Structural connectivity maps were derived from the diffusion weighted imaging data of 83 healthy adult participants.  Motion artifacts were removed and eddy-current distortions were corrected with DTIPrep (Oguz et al., 2014). Using the FMRIB Diffusion Toolbox, diffusion tensors were then fitted at each voxel within a cortical mask. DTI volumes were coregistered with subjects’ anatomical T1-weighted volumes using the FreeSurfer image analysis suite (Dale, Fischl, and Sereno, 1999; Fischl et al., 1999; Fischl, Sereno, and Dale, 1999).
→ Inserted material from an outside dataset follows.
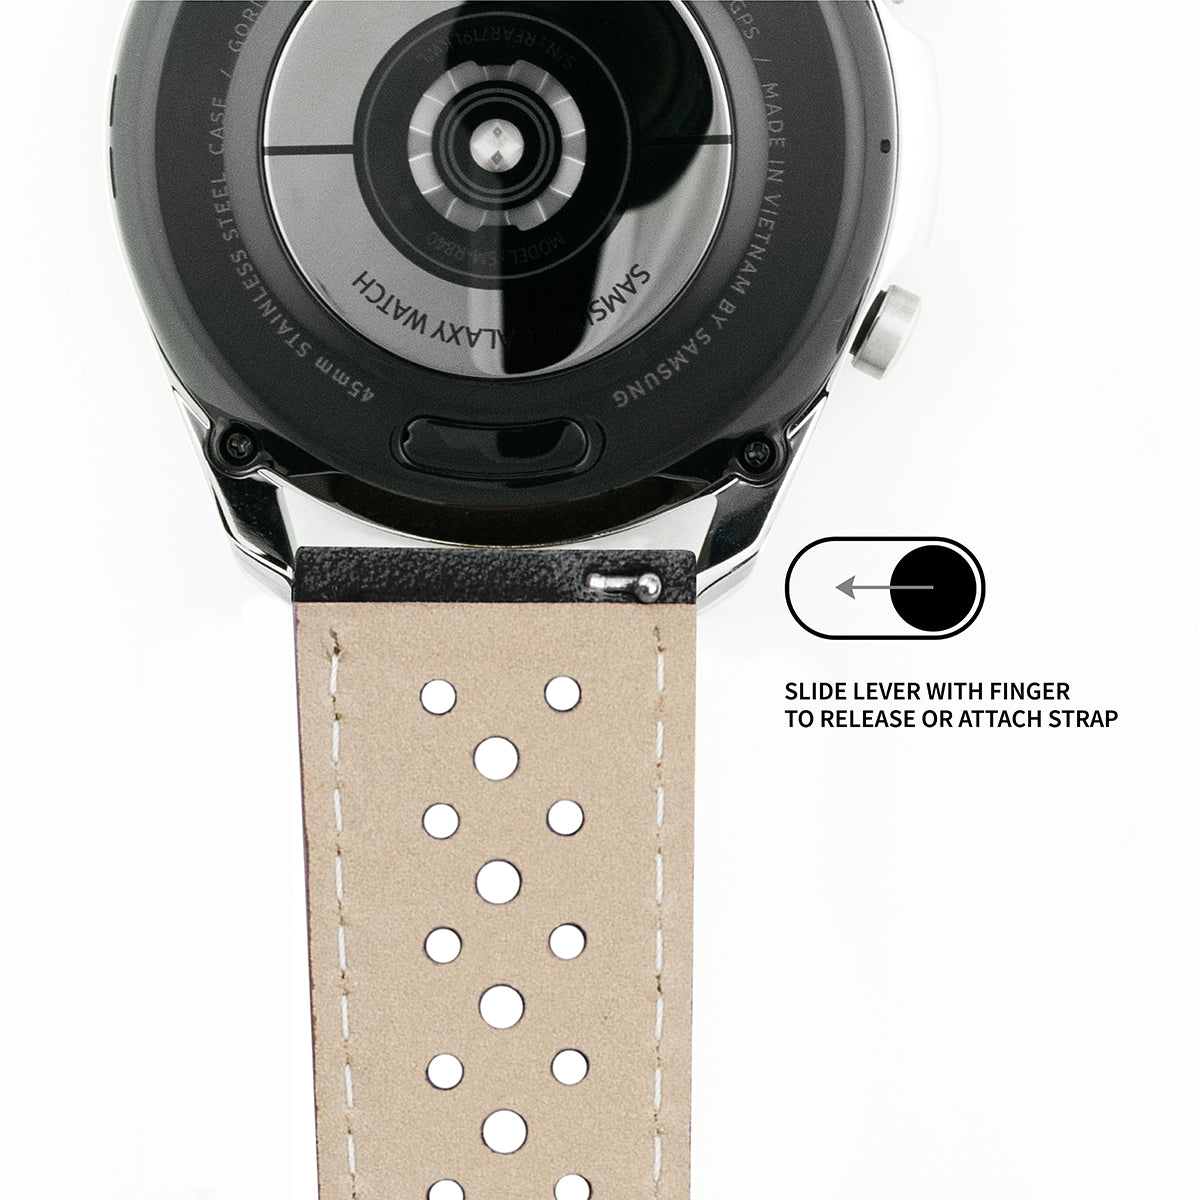 Samsung Galaxy Watch4 Racing Horween Leather Black Linen Stitch Watch Band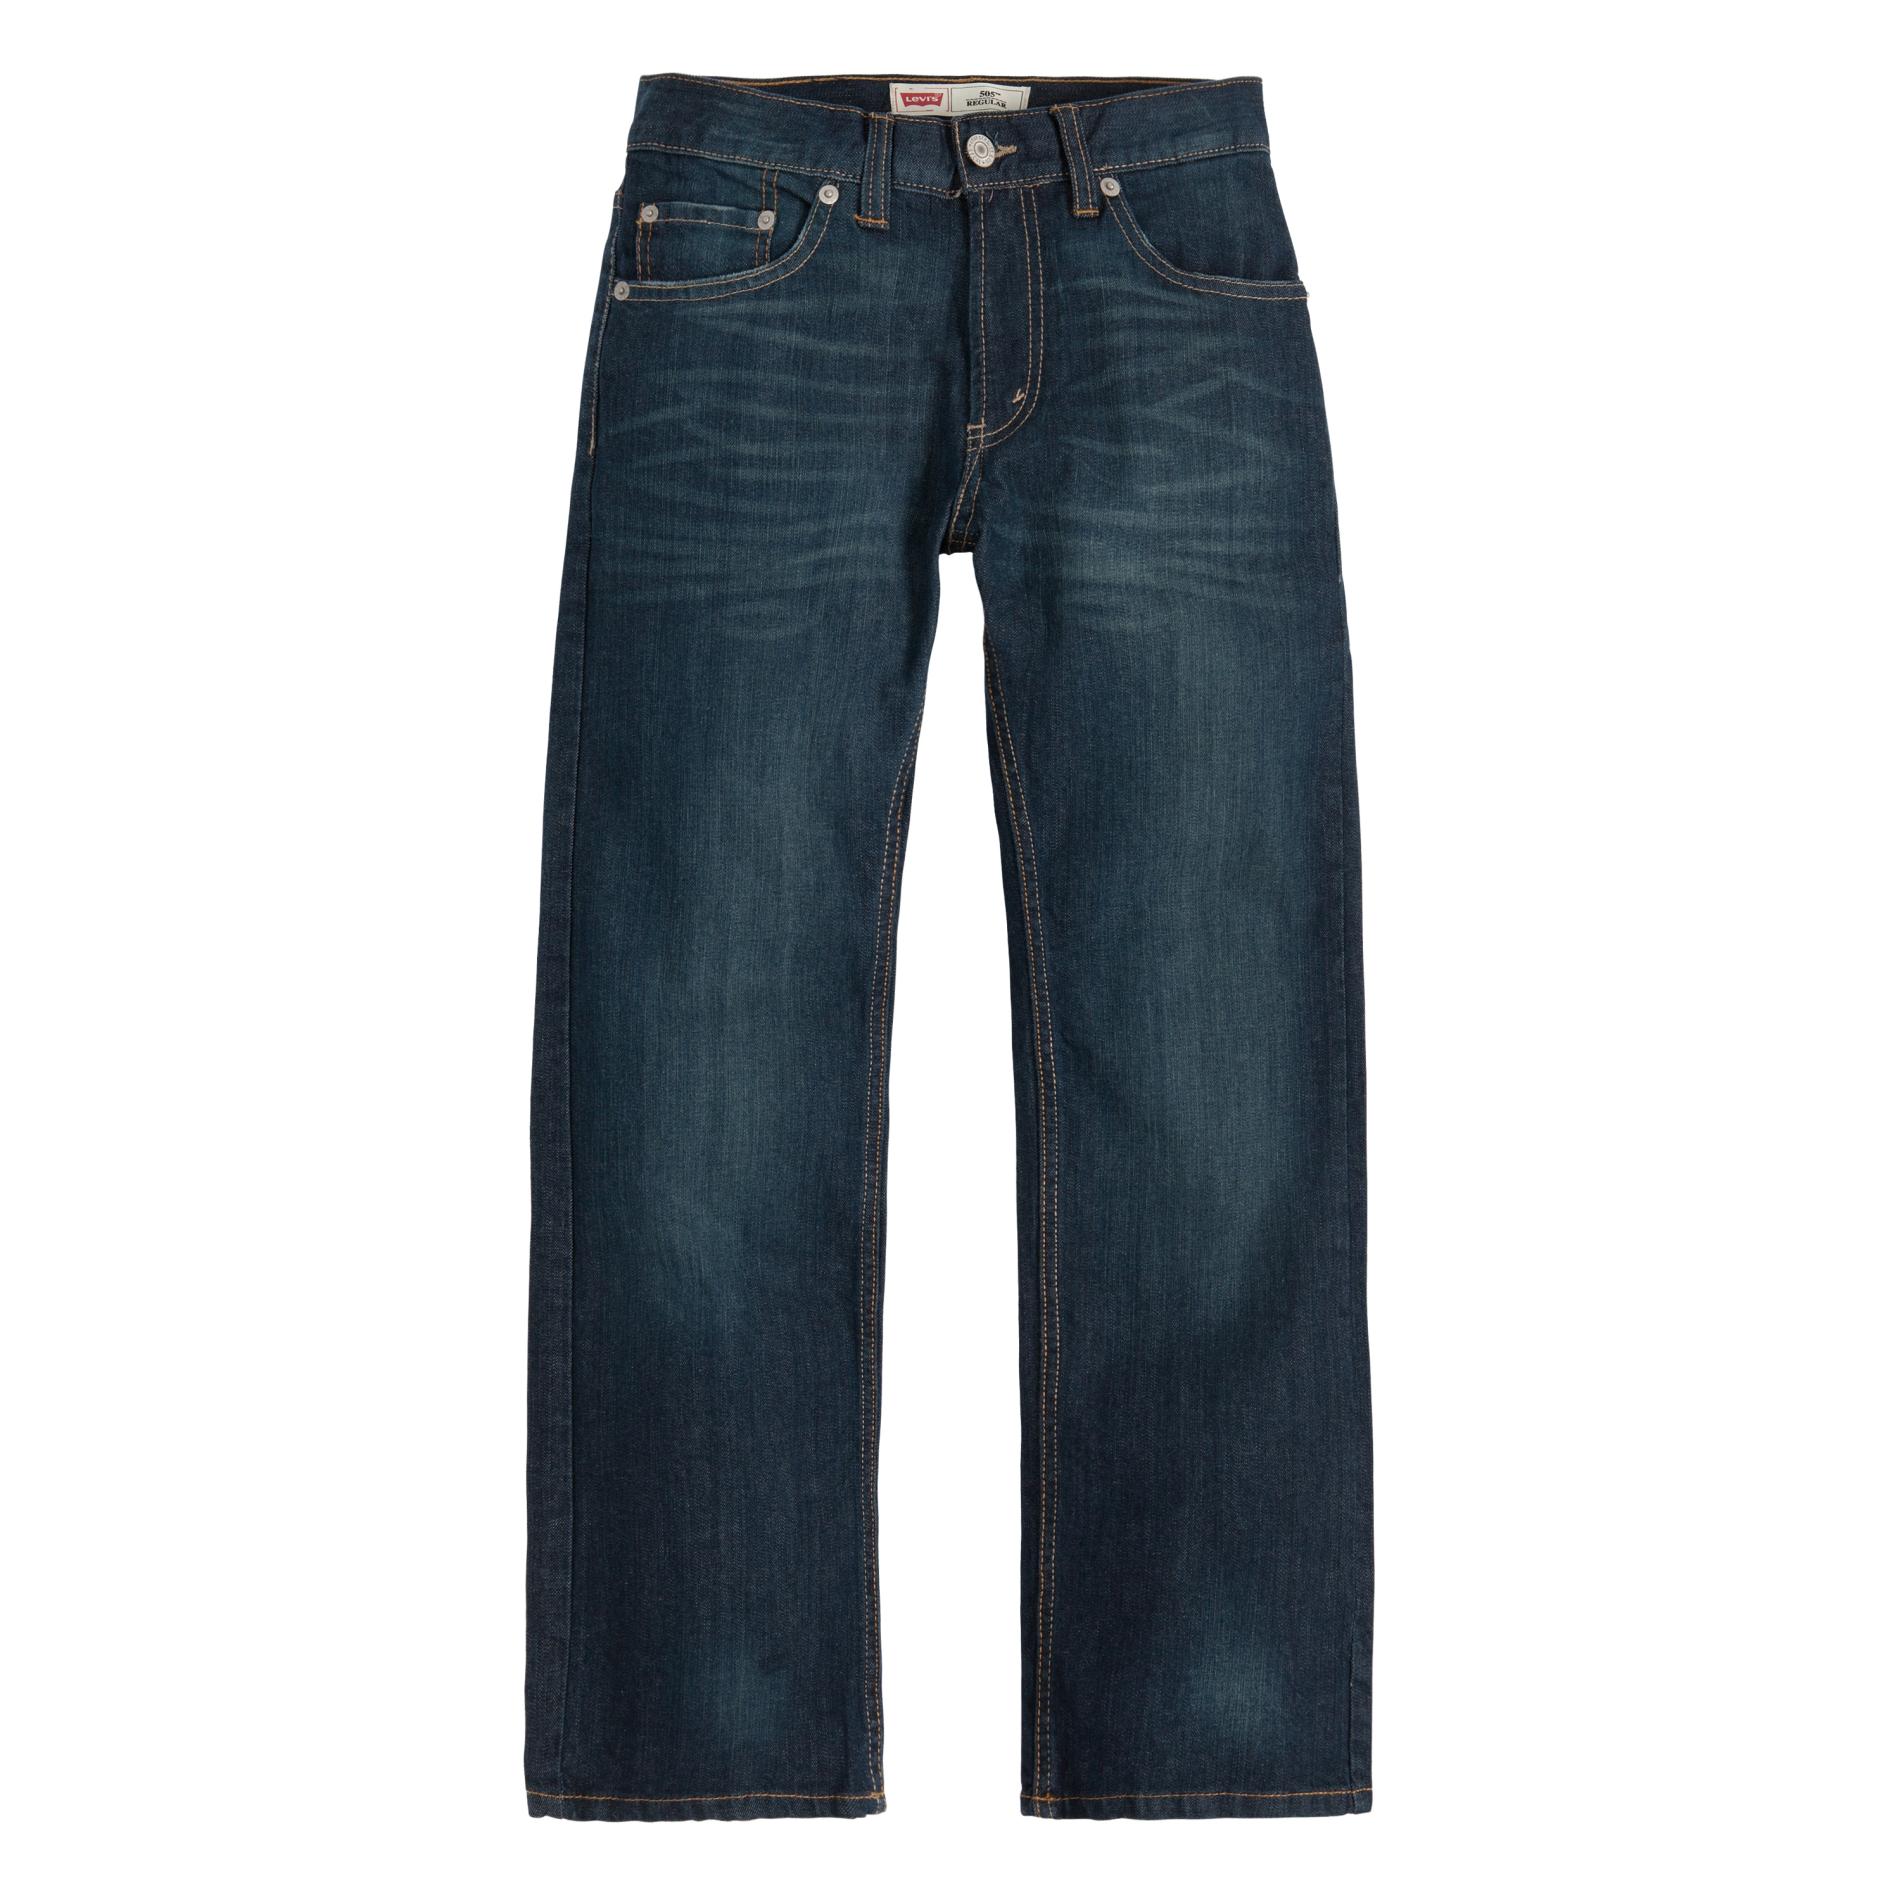 Levi Strauss Boys' 505 Regular Fit Jeans

FreeSurfer was also used to identify white matter voxels that lie 2 mm below the cortical gray-white boundary of the anatomically-defined seed regions (Kang, Herron, Turken, and Woods, 2012). For each subject, probablistic tractography was performed from each seed region to the rest of the cortical surface using the FMRIB diffusion toolbox.  5000 streamlines traced probabilistic paths from each seed region voxel to the brain surface.  Streamlines were terminated if they exceeded 2000 steps (corresponding to a 1m long tract). To compare connectivity across individuals, a surface voxel was considered “connected” to a seed region if at least 10 streamlines from the seed region reached that voxel in a given subject.  These data were projected to an average brain surface using Freesurfer and averaged across subjects.  At each vertex, figures show the percentage of subjects for whom that vertex is connected to the seed region; blue represents 50% of subjects connected to the seed region at that vertex, and green represents 80% of subjects.